Help showing a composition of functions is surjective

Question

This question is related to one I asked here.

I am trying, overall, to show that $|A - \{x\}| =n-1$ using a bijection given that $A$ is a finite set with $|A|\geq 1$. For the case when $n > 1$, suppose that, since $|A|=n$, $\exists$ a bijection $f: A \to \mathbb{N}_{n}$.

With some help, I came up with the mapping $f^{-1}\circ \tau \circ I: \mathbb{N}_{n-1} \to A - \{x\}$.

Here, $I: \mathbb{N}_{n-1} \to \mathbb{N}_{n}$ where for each $j \in \mathbb{N}_{n-1}$, $I(j) = j$. It is not difficult to show that $I$ is injective, but it is not surjective, because $n$ has no preimage.

$\tau: \mathbb{N}_{n} \to \mathbb{N}_{n}$, where $\forall k \in \mathbb{N}_{n}$, $\tau(k) = \begin{cases} n & \text{if} \, k=f(x) \\ f(x) & \text{if} \, k = n \\ k & \text{otherwise} \end{cases}$

$\tau$ is bijective, whether we restrict it to $\mathbb{N}_{n} - \{f(x)\}$ or not.

Now, I need to show that the composition $f^{-1} \circ \tau \circ I$ is a well-defined bijection in order to complete my cardinality proof.

Since $I$, $\tau$, and $f^{-1}$ (since $f$ is, its inverse is) are all injective, their composition is injective.

Showing surjectivity and that the map is well-defined are not so easy for me, however. To show that $f^{-1} \circ \tau \circ I$ is surjective, I know that I need to show that every $y \in A - \{ x \}$ has a preimage in $\mathbb{N}_{n-1}$, but I'm not specifically sure how to do that. Could someone please help me with this part?

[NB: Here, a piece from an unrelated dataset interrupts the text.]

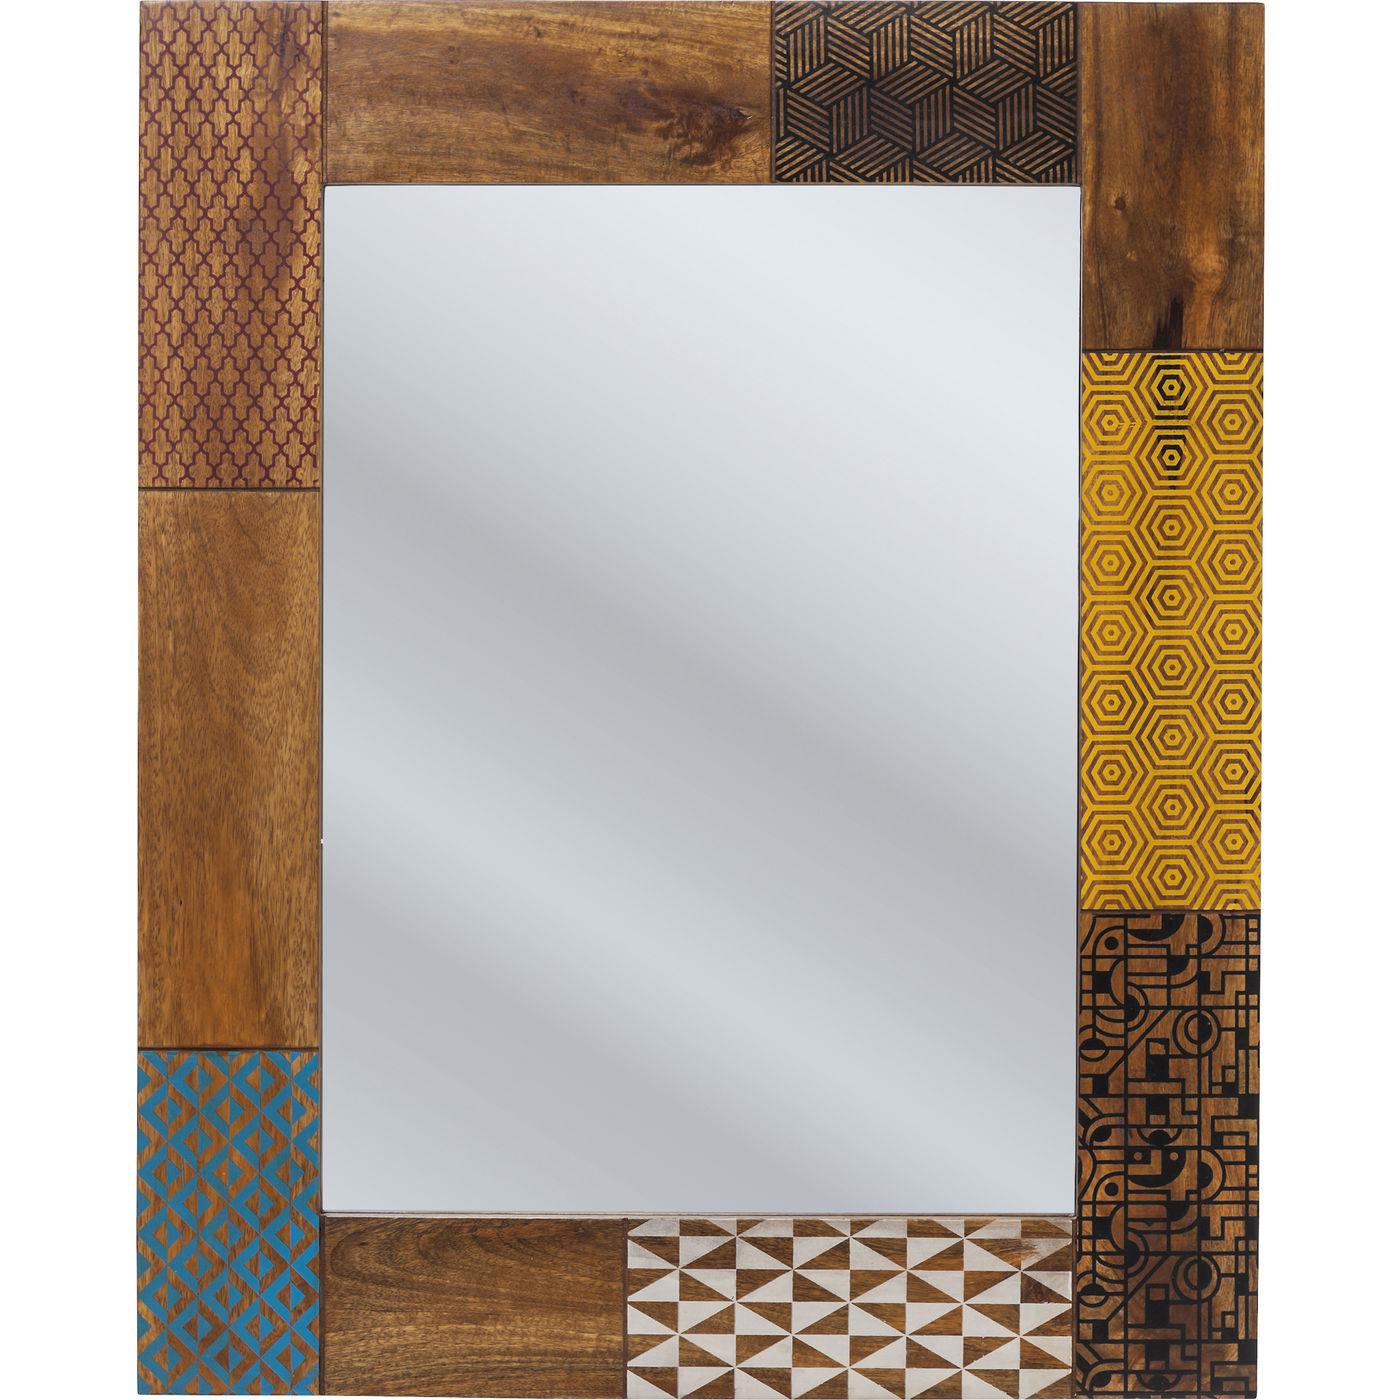 Billede af Kare Design Spejl, Soleil 100x80cm
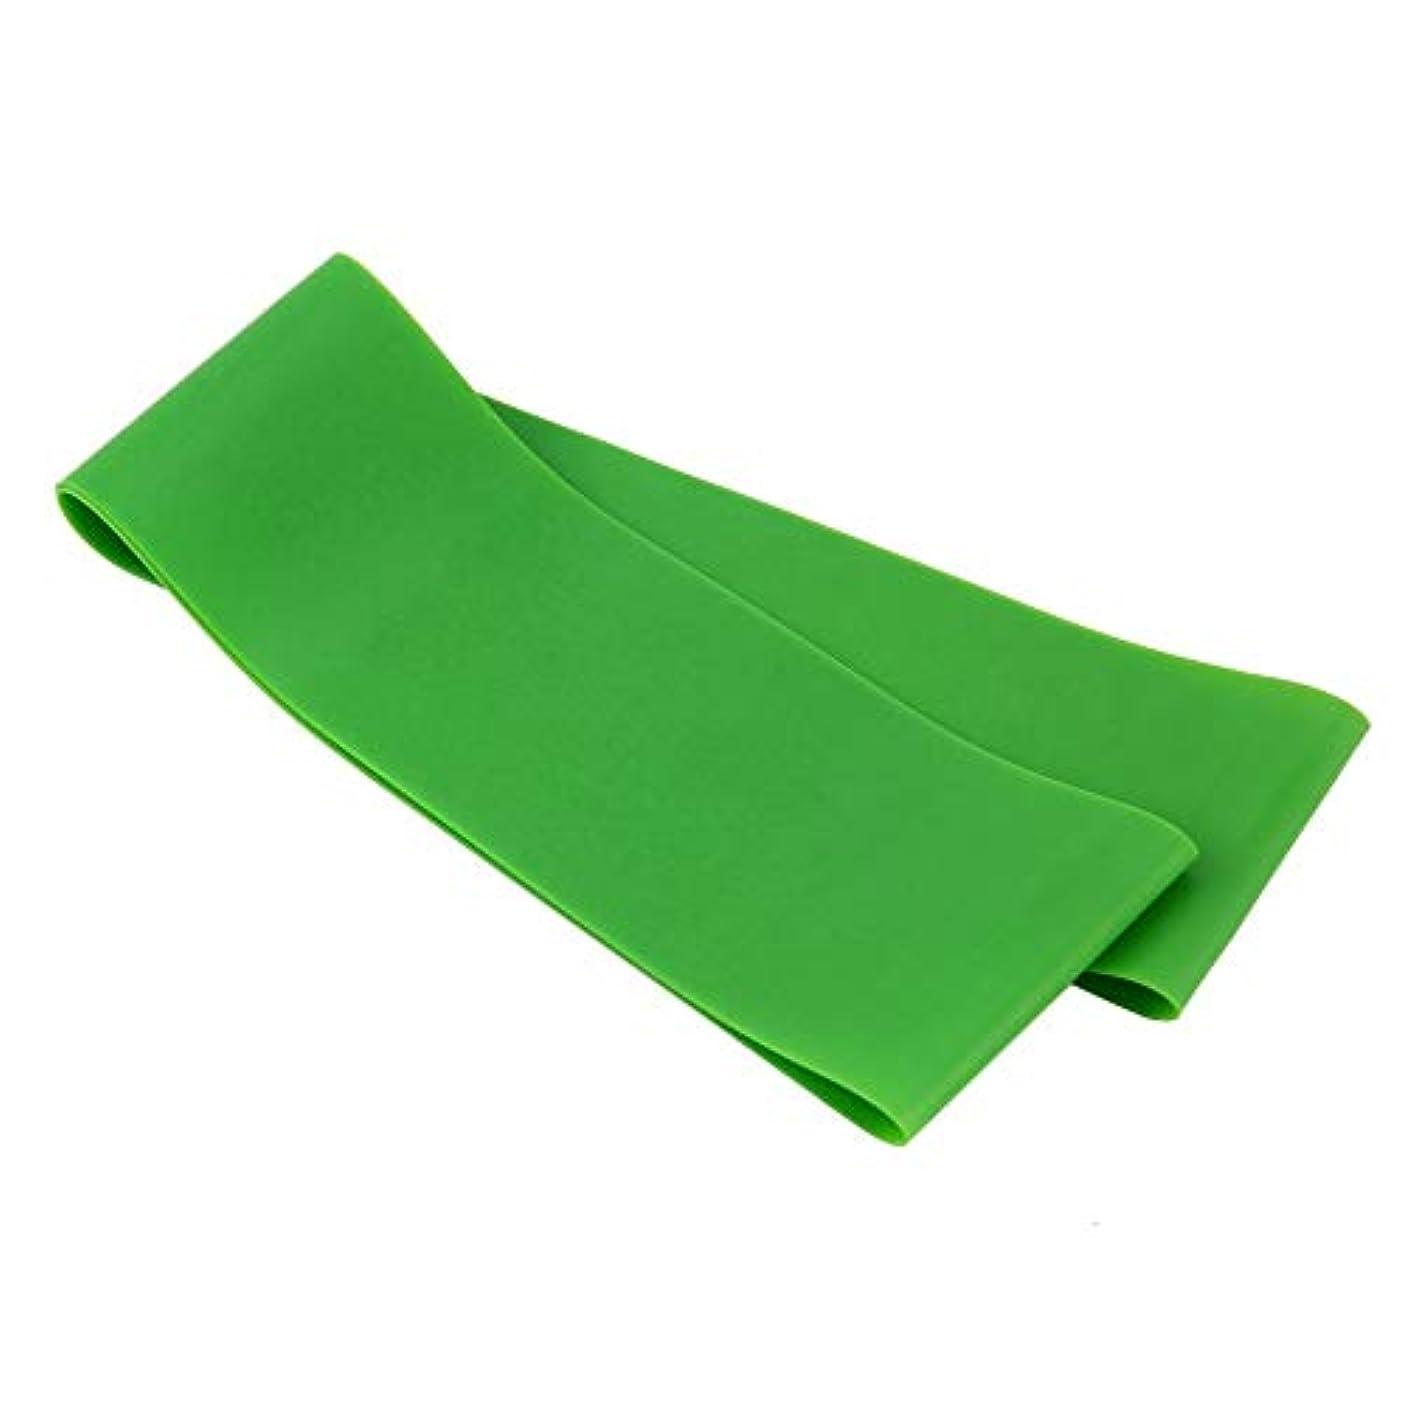 隣人状態リビジョン滑り止め伸縮性ゴム弾性ヨガベルトバンドプルロープ張力抵抗バンドループ強度のためのフィットネスヨガツール - グリーン

Also, to show that it's well-defined, I need to show that two different $i$'s in $\mathbb{N}_{n-1}$ do not map to the same $y \in A - \{ x \}$. Suppose they did. I.e., suppose that $i \neq j$ and $f^{-1}(\tau(I(i))) = f^{-1}(\tau(I(j)))$. Since the map is injective, it seems like this shouldn't work, but I can't use that to help me prove well-definedness, so I could use some help with this part as well.

Thank you.

Answer 1

I will fornish to you a (maybe) different proof.

I think for you $\mathbb{N}_n:=\{1,2,...,n\}$. For me it is.

Suppose that $|A|=n$. So there is a bijection $f:\mathbb{N}_n\to A$. Since $x\in A$ and $f$ is surjective, there is $i\in\mathbb{N}_n$ such that $f(i)=x$. Define $\tau: \mathbb{N}_{n} \to \mathbb{N}_{n}$, $\forall k \in \mathbb{N}_{n}$, by

$$\tau(k) = \begin{cases} k & \text{if} ~~ 1\leq k < i \\ k-1 & \text{if} ~~ i < k \leq n \\ n & \text{if} ~~ k = i, \end{cases}$$

So $\tau$ "translade" the point $i$ (such that $f(i)=x$) to the "end of the set" $\mathbb{N}_{n}$. It is an easy exercise to show that $\tau$ is a bijection. So the function $f\circ \tau$ is still a bijection, as a composition of two bijections. Furthermore, $(f\circ \tau)(n)=x$. So if you define $\bar{f}=f\circ \tau|_{\mathbb{N}_{n-1}}$ (the restriction of $f\circ \tau$ to the set $\mathbb{N}_{n-1}$) you will get your desired bijection.